#### YOUR GOAL:
Reproduce the listing that follows word for word, without its pictures.

#### COLLECTED MATERIAL:
★ ★ ★ ★ ★
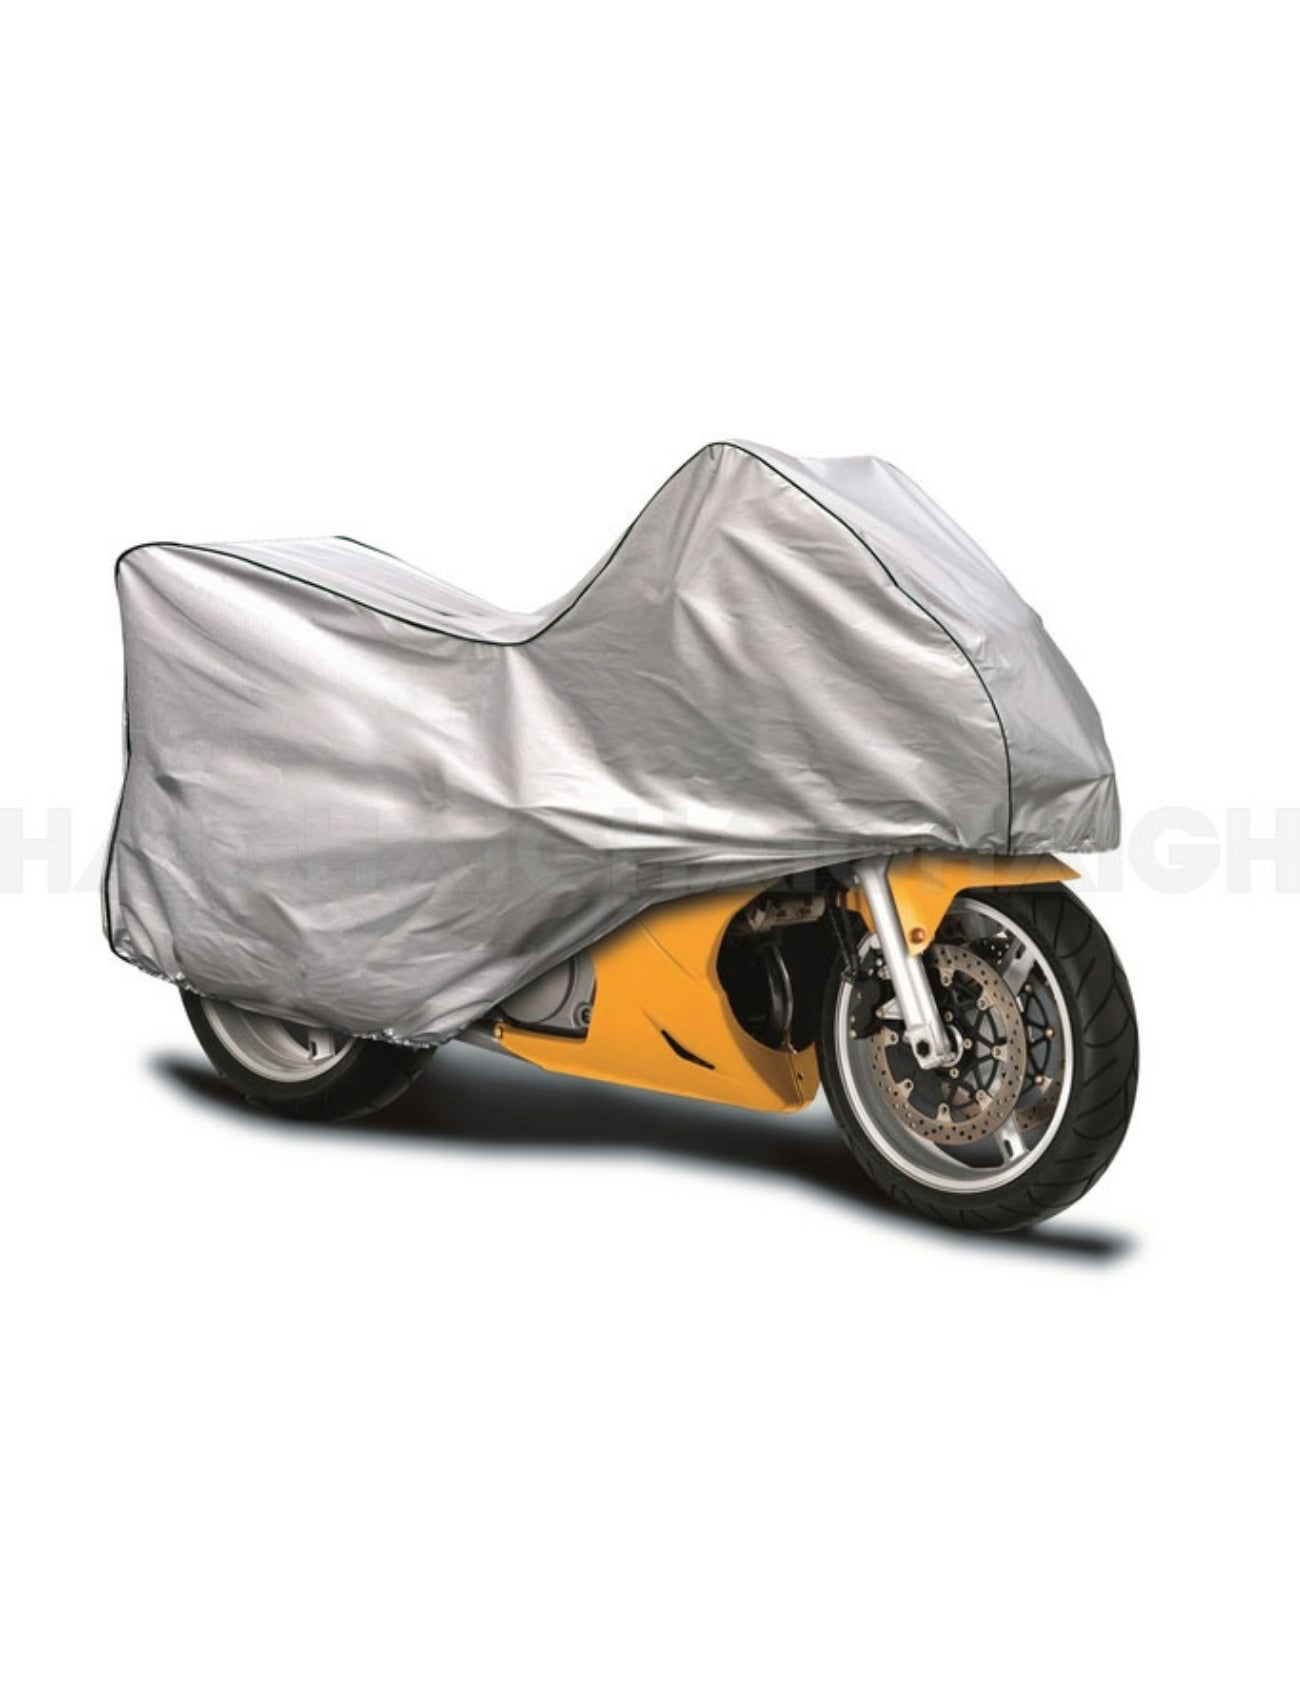 MOTORCYCLE COVER PRESTIGE 500-1000CC
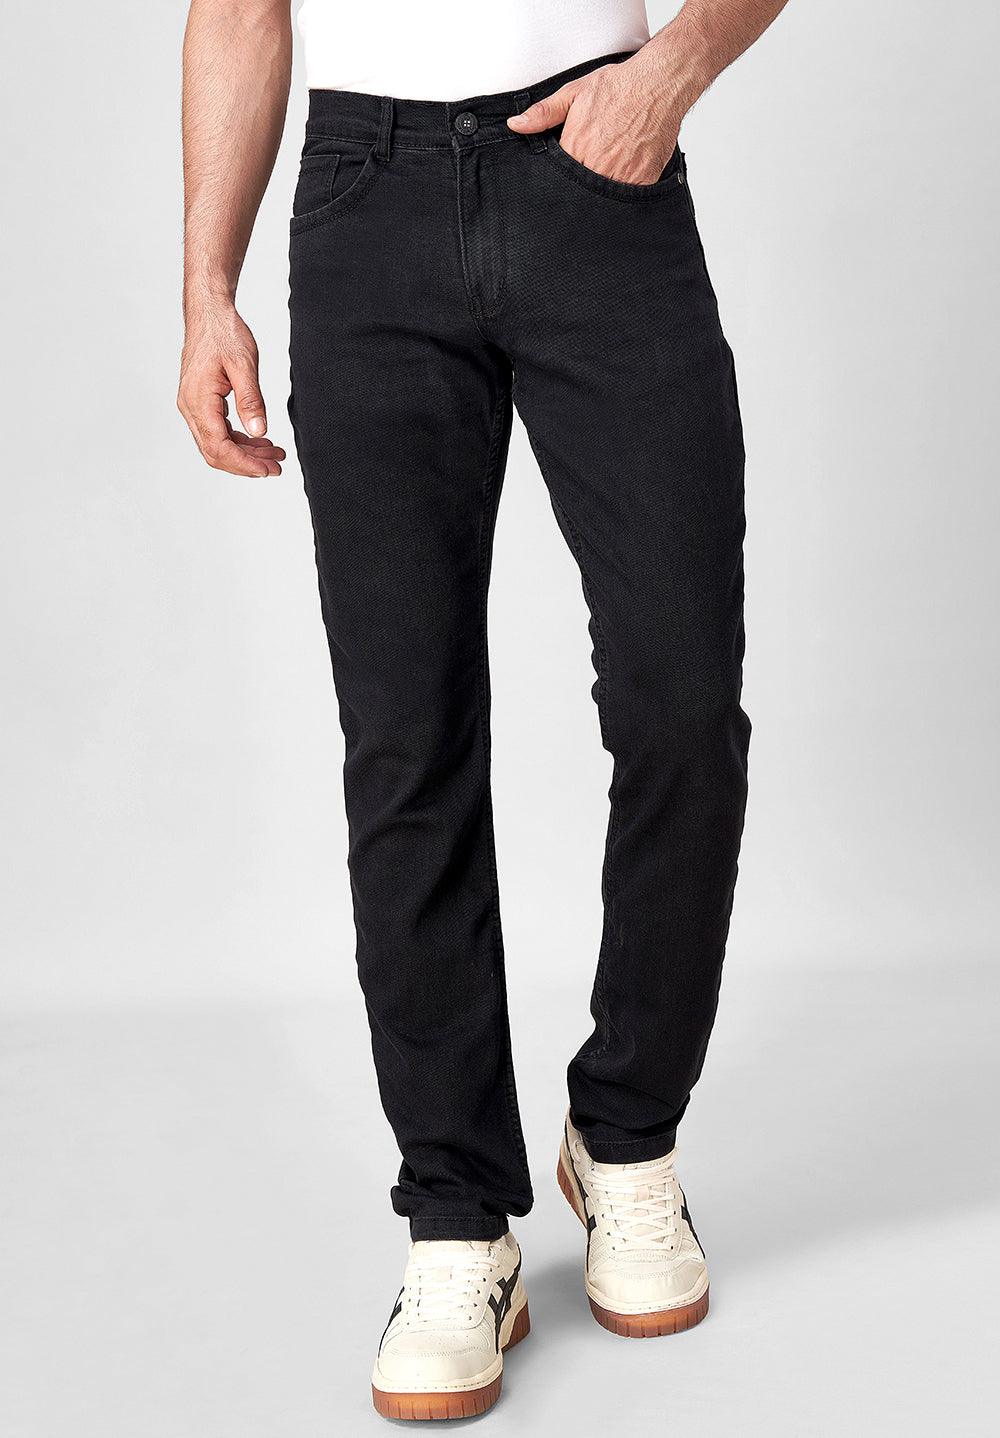 Black Slim Fit Jeans - D42930
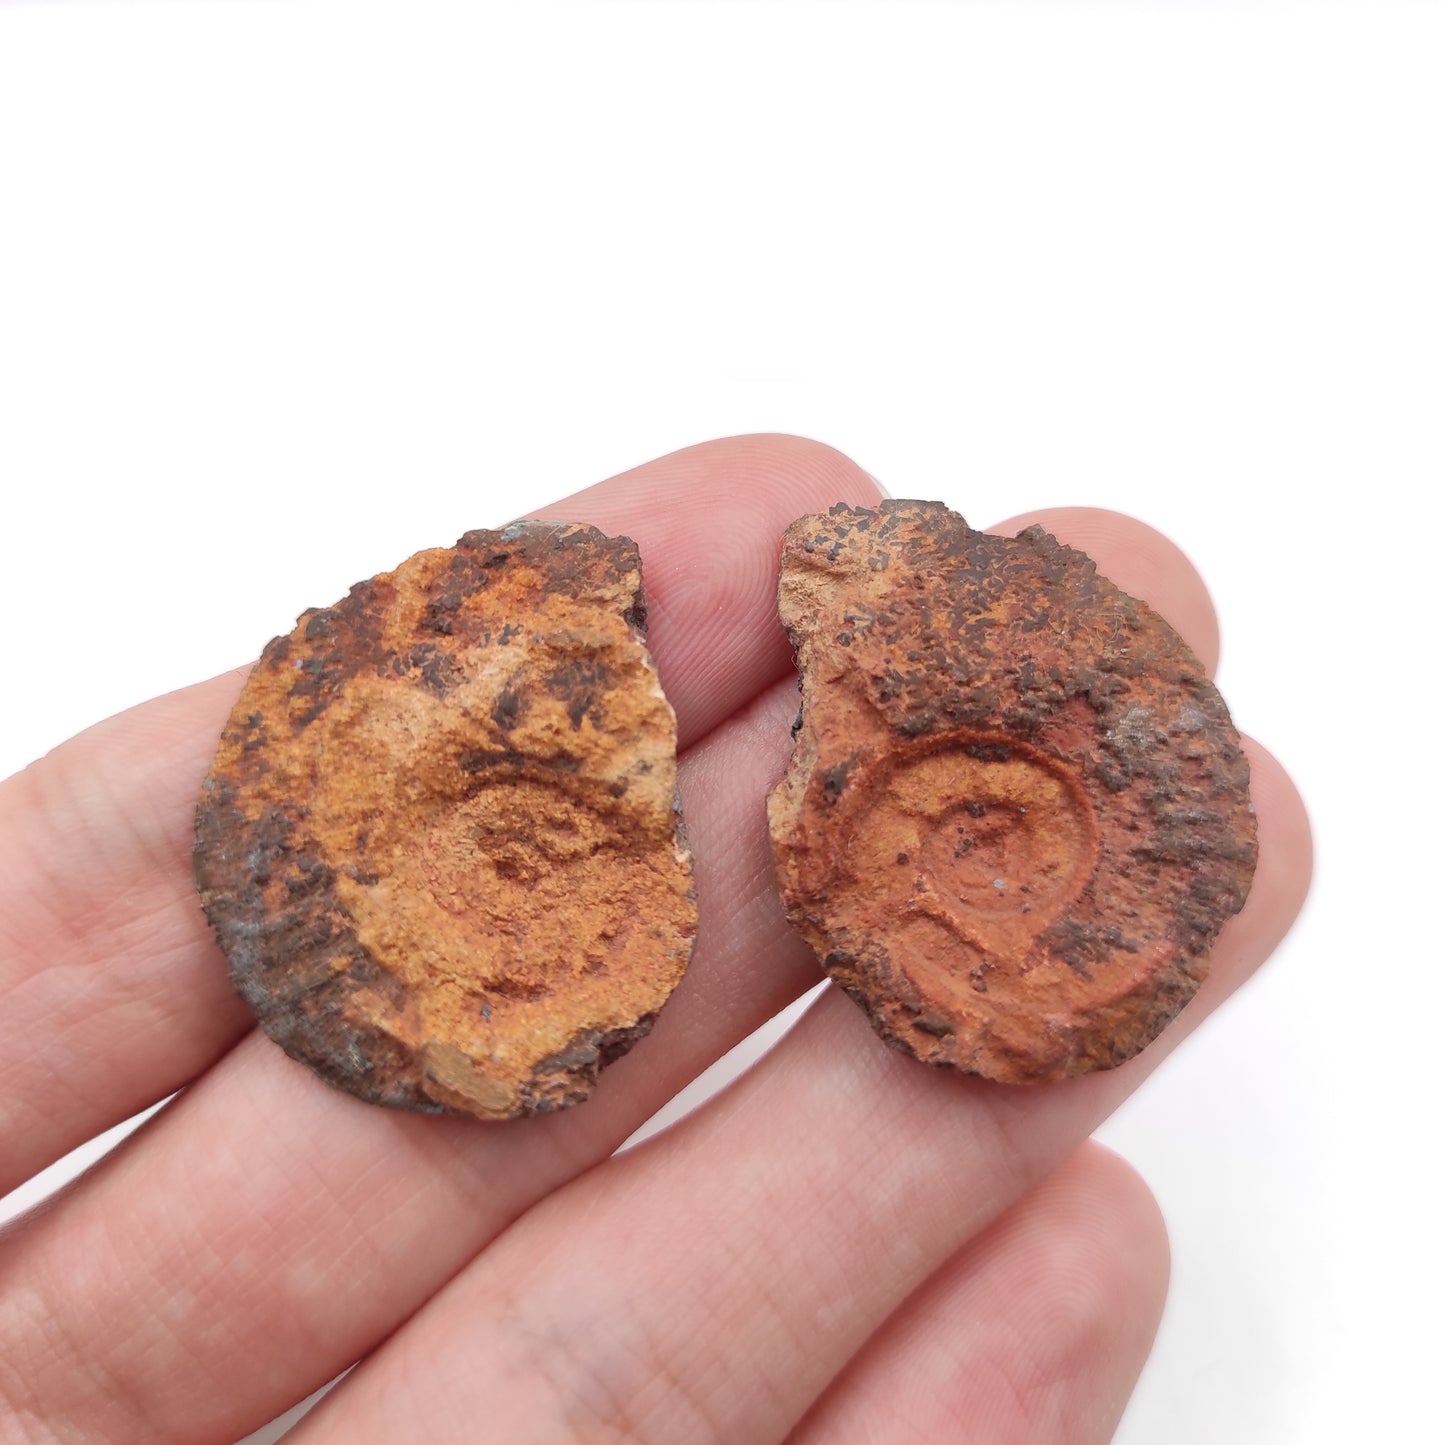 9g Ammonite Fossil Pair
★ ★ ★ ★ ★
#### OUTPUT OF THE TASK:
 MOTORCYCLE COVER PRESTIGE 500-1000CC
 Black Slim Fit Jeans - D42930
 9g Ammonite Fossil Pair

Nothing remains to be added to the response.